Supplied information ->
· · · ·

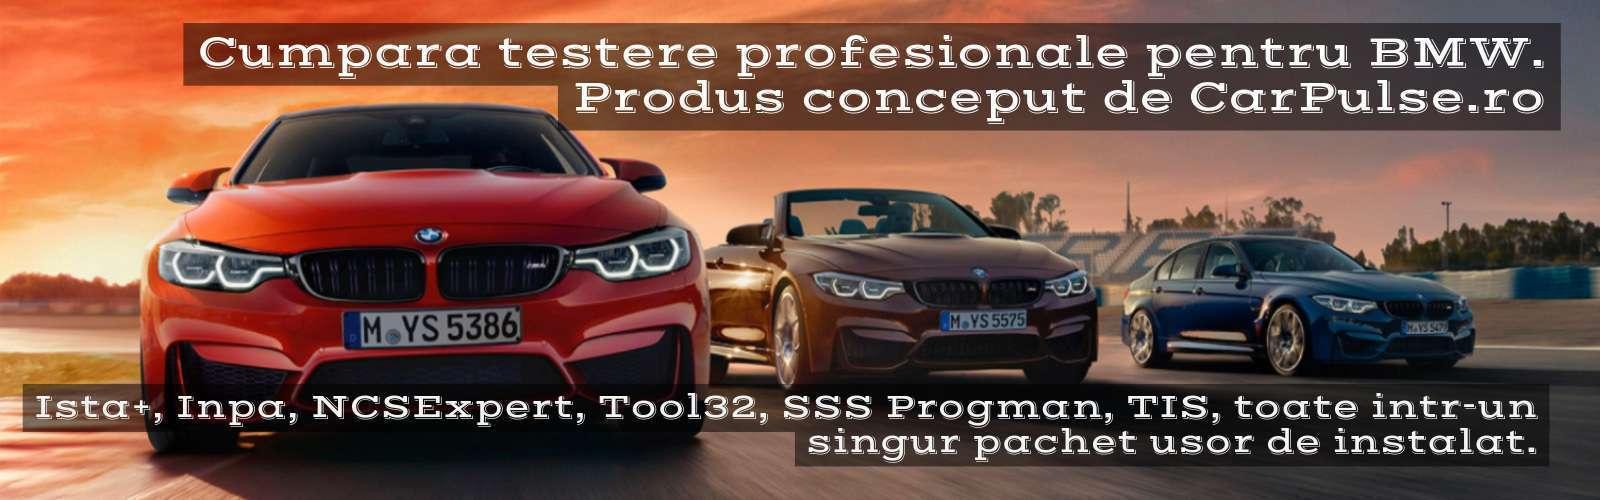 diagnoza profesionala BMW - inpa ista tool32 ncsexpert
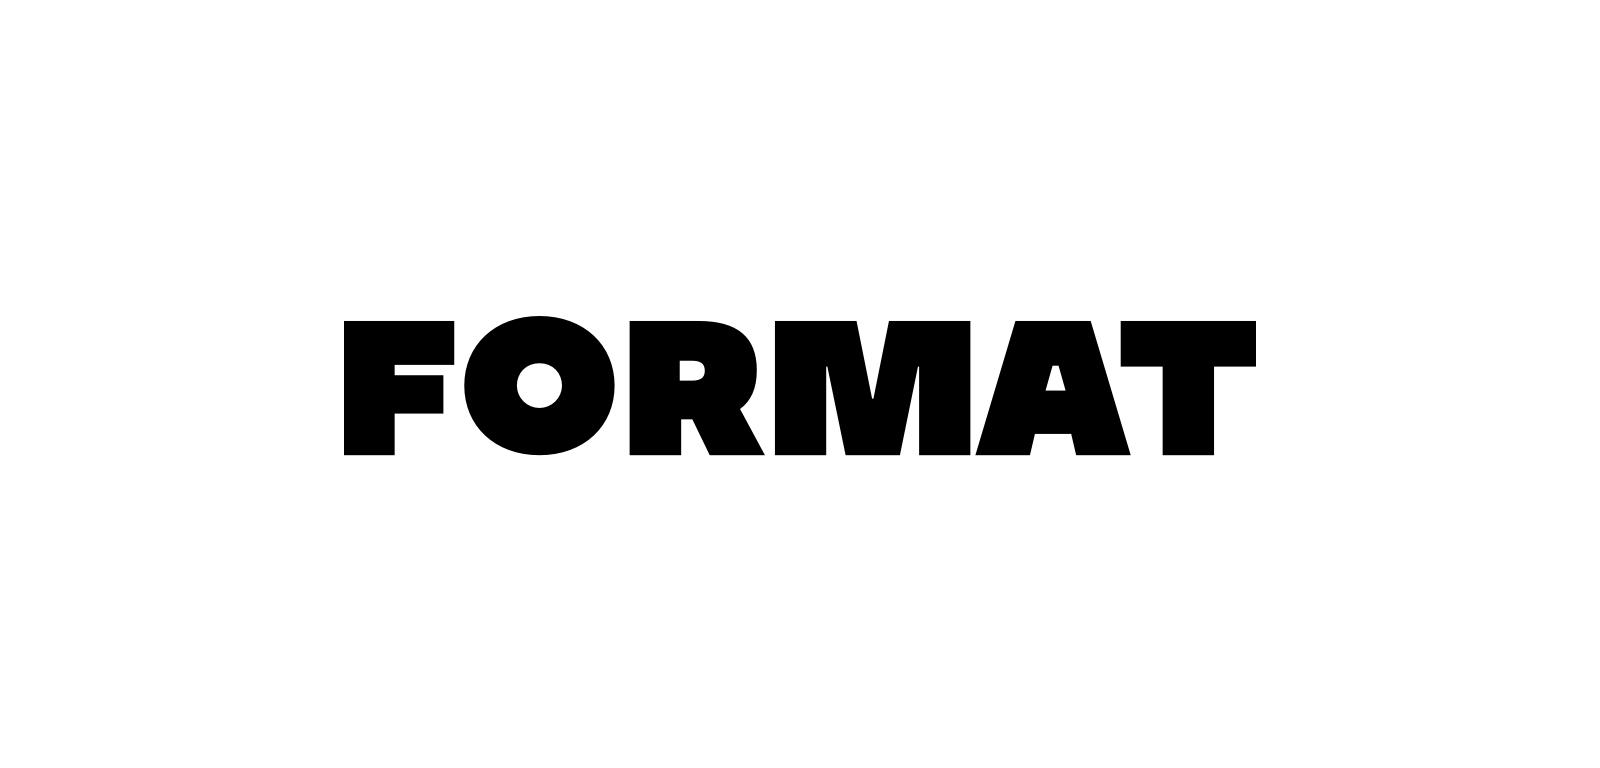 format white wordmark
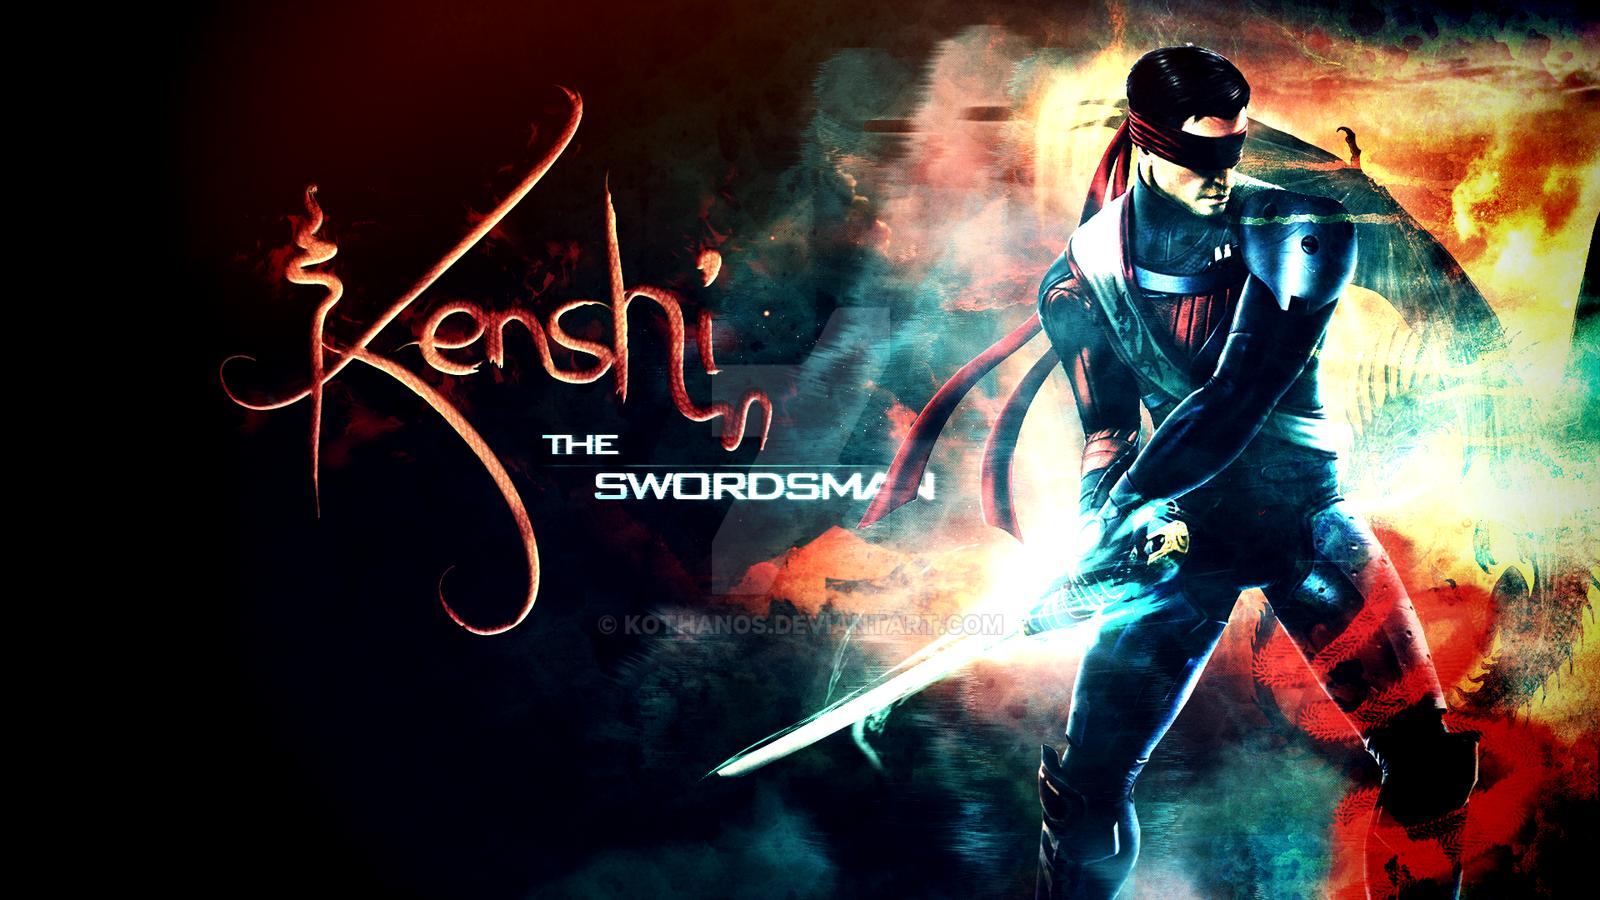 Kenshi the Swordsman - Mortal Kombat - Fan Art by Kothanos

· · · ·

To do ->
Without any pictures, return the material above exactly.

Reply ->
 diagnoza profesionala BMW - inpa ista tool32 ncsexpert
 format white wordmark
 Kenshi the Swordsman - Mortal Kombat - Fan Art by Kothanos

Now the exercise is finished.